Now that I've dumped the money into those cards I was surprised to see that the performance was not all that different compared to my oldest card which is a Pascal generation GTX 1080. At this point it was unclear if it was just the fact that the GTX 1080 had dual encoder chips or maybe because I was still running FFMPEG 4.3.2. I finally decided to pull and build the latest version of FFMPEG which was 5.1.2 at that time. Rerunning all tests it became clear to me that what I once thought was my "flagship" card for encoding was actually pretty outdated with the new software. All of my cards performed much better. The following graphic illustrates those numbers.
Note: For all the data below the FFMPEG command is roughly:
ffmpeg -vsync vfr -hwaccel_device 0 -i in.mp4 -vf "scale_npp=iw/2:ih/2" -vcodec hevc_nvenc -b:v 2M -r 15 out.mp4
It's probably worth a little explanation of the workload. The data is comprised of 496 video files that are 5 minutes in length. The breakdown is approximately:
- 100 - 4K 30 FPS HEVC videos
- 300 - 4K 15 FPS HEVC videos
- 100 - 5 MP 20 FPS H264 videos
Outside of the gains of the Turing, Ampere, and Ada Lovelace generation cards it's noteworthy that performance didn't really change for the Pascal generation GTX 1080 that I once consider my "flagship" cards.
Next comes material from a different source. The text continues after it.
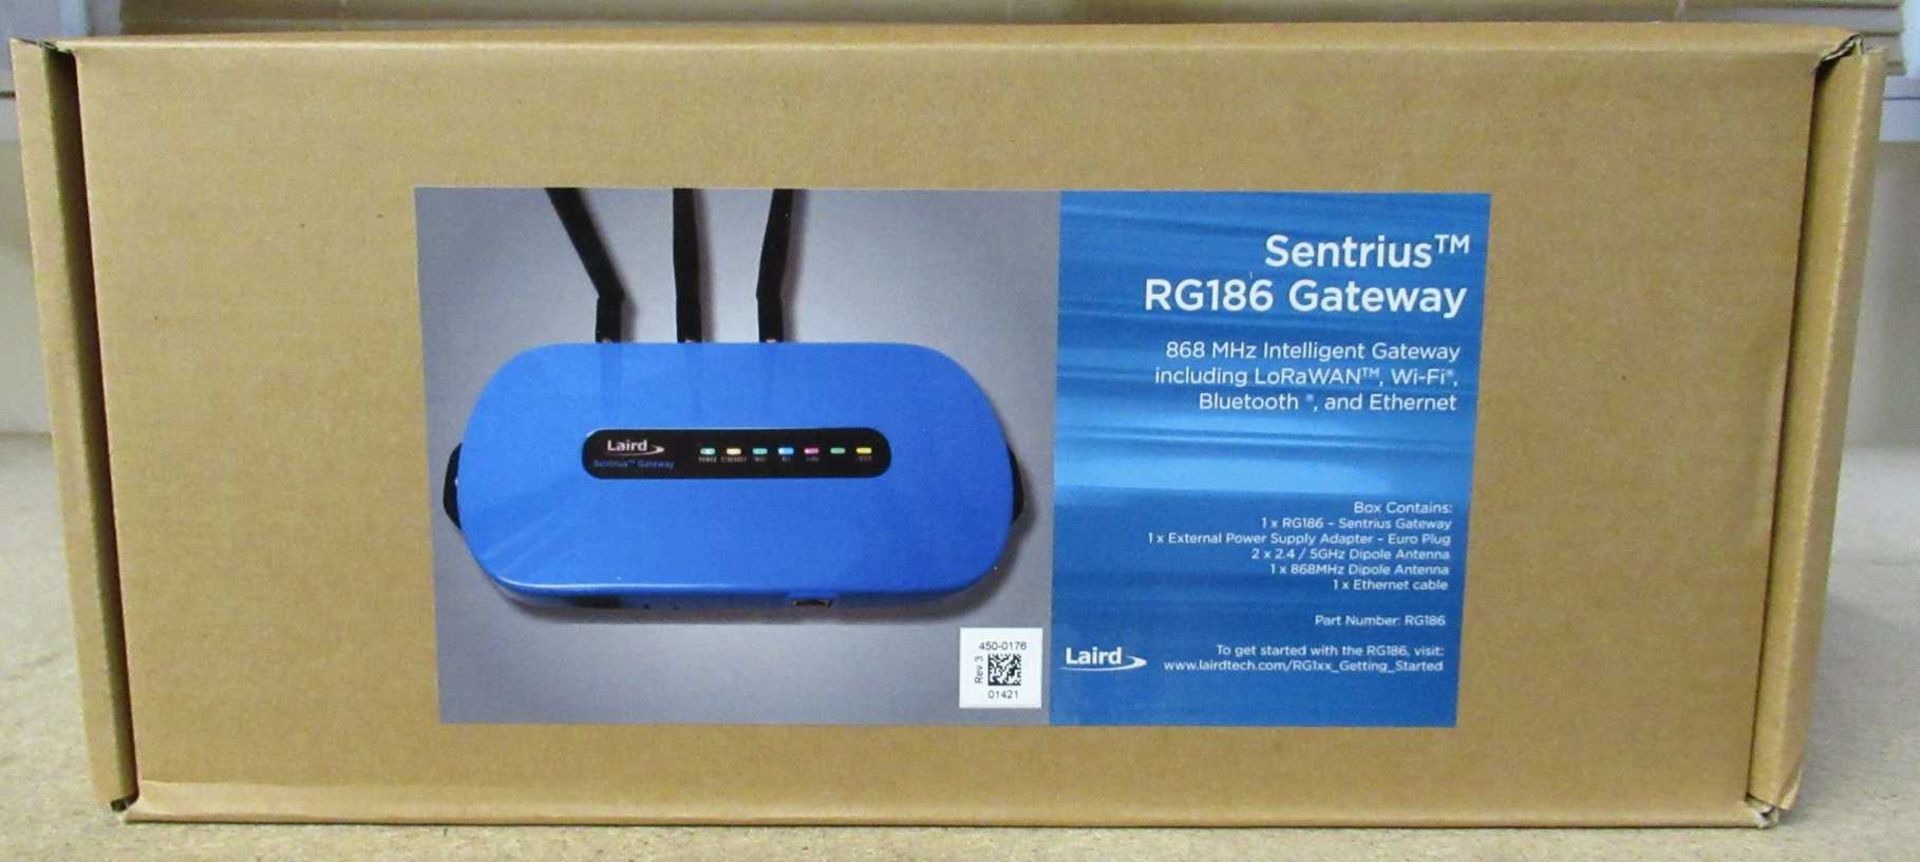 A boxed as new Laird Sentrius RG186 868MHz Intelligent Gateway including LoRaWAN, WiFi, Bluetooth

Getting the most with the new version of FFMPEG
With the L4 card having 2 encoders and 4 decoders I found it necessary to throw more than one simultaneous transcode to get the most performance. It seemed that 2 would be optimal but I've found that when processing H264 video that the utilization of the card would drop as the nvenc/nvdec seem to be able to handle more where HEVC would saturate the nvenc/nvdec chip. You can see the stats during the processing of the prior mentioned dataset using a single transcode at a time. All stats are for utilization are from "nvidia-smi dmon -d 1".
The drop around 4000 seconds and 6000 seconds are the prior mentioned H264 datasets. Looking at two simultaneous transcodes you can see the processing time is reduced but not in half.
Finally I ran a test with 4 simultaneous transcodes and found the timeline dropped to about half of the original.
Given the above "optimal" processing on the L4 I produced some histograms of the FPS that were achieved for all of the prior mentioned cards as well as the various runs on the L4.
It's clear with 2 and 4 in parallel transcodes on the L4 there is more variability and the average FPS is lower but the overall dataset processes faster.
Conclusion
1. With NVIDIA chipsets is wise to keep upgrading as FFMPEG and the NVIDIA Video Codec SDK is always making performance improvements.
2. An optimal amount of simultaneous transcode processes depends on the codec so some trial and error is necessary.
3. Most nvenc/nvdec chips process roughly around the same rate. I've always thought this would not be the case. In the future I may try to dig deeper on this.